DISASTER TOURISTS NOT WELCOME

Text and photos for Bob Cut Mag.

I can smell the distinct odor of burnt rubber even through my respirator mask. The neighborhoods are strangely quiet, except for the occasional crow and the rustling of charred leaves. I’ve read about the magnitude of the damage, but I was still unprepared for what I saw.

It seems almost impossible to describe second hand what it is like to be surrounded by street after street of rubble where homes once stood.

Familiar shapes like garage doors crumpled onto themselves and the occasional mailbox help distinguish one former home from the next, but the landscape is very simply piles of crumbled homes as far as the eye can see.

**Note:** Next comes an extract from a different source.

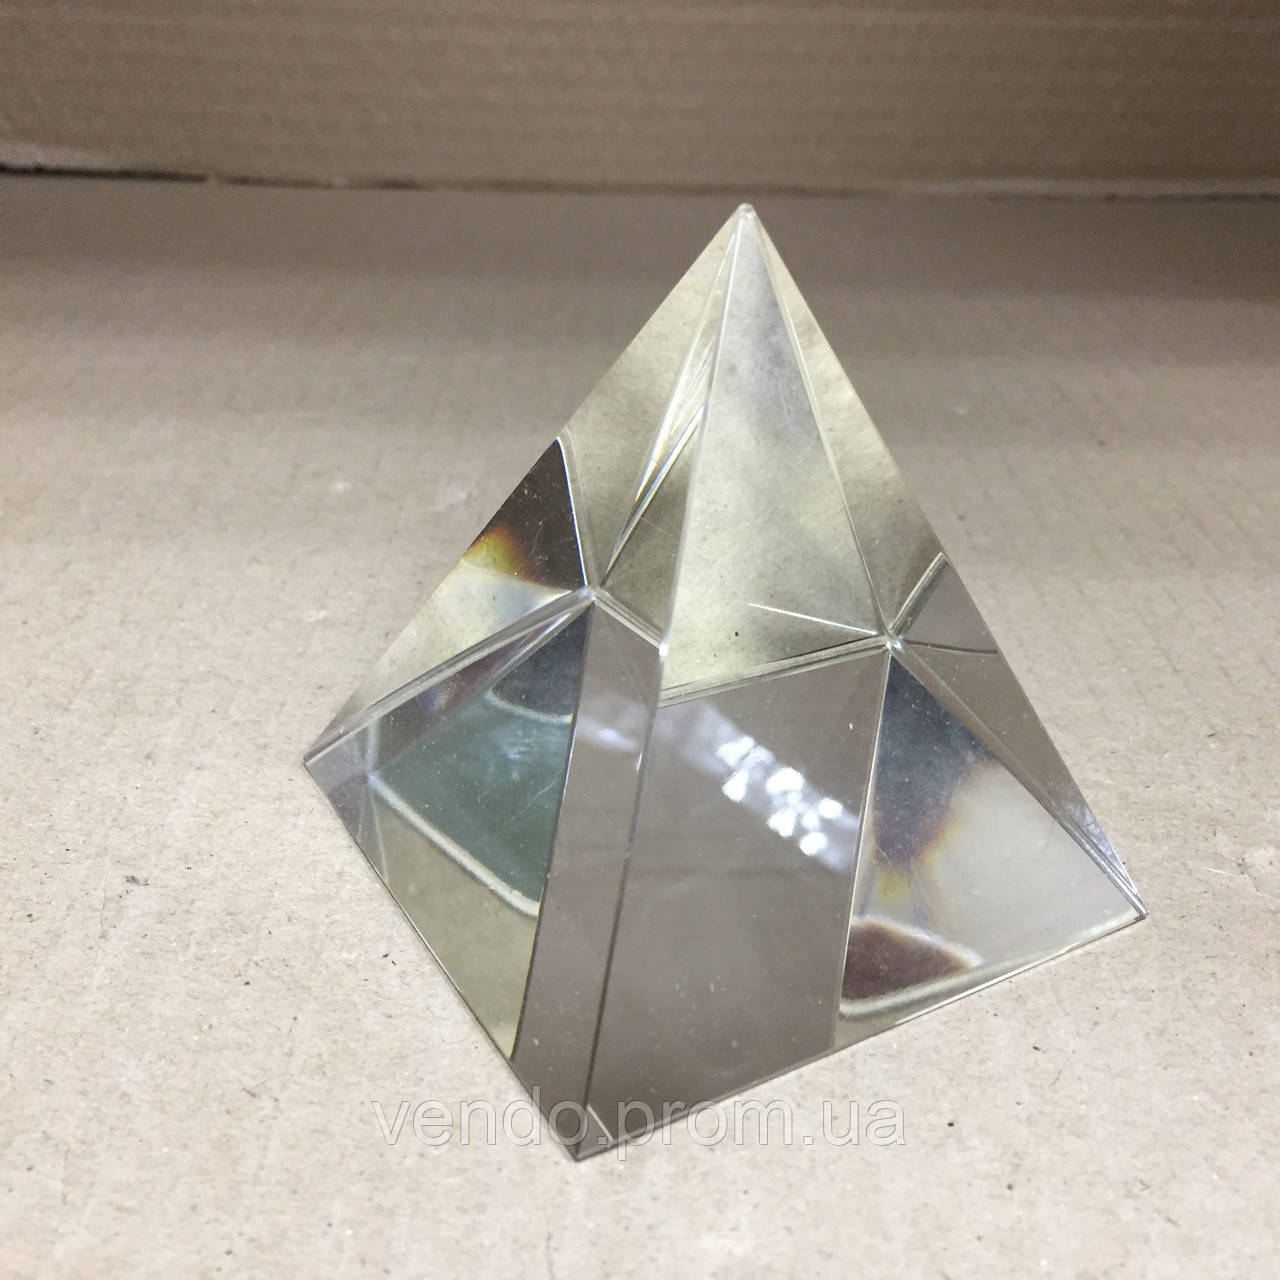 Кришталева піраміда біла 4.9х4.9х5.5 см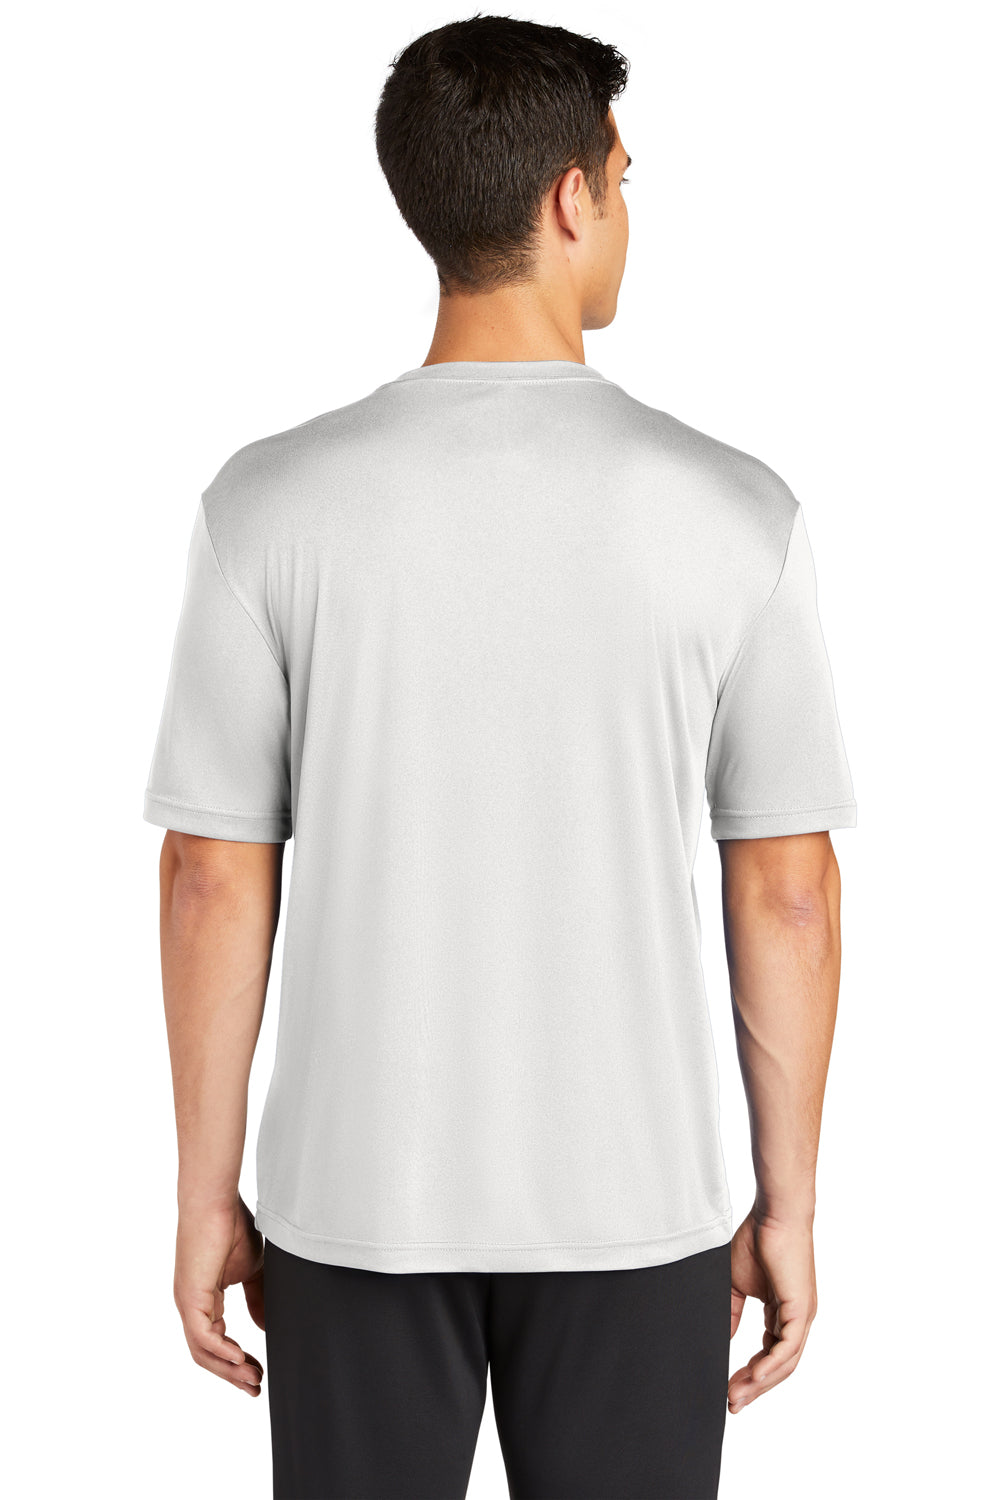 Sport-Tek ST350 Mens Competitor Moisture Wicking Short Sleeve Crewneck T-Shirt White Back

The glowing orange sunset on the walls of remaining structures feels like a cruel reminder of the flames that recently engulfed the neighborhood. The bright orange sun seems so saturated compared to the pale gray ash covering everything around me. I can only imagine the horror that hundreds of families witnessed when their homes were lit up in orange that night.

The trees that should be covered in red, yellow, and orange leaves are dull browns, blacks, and grays. The destruction is nearly impossible to comprehend, and even more difficult to describe. I never believed that any harm would come to my paradise in Northern California. To my childhood.

I wipe away a thin layer of ash on my windshield as I pull away from the emptiness behind me.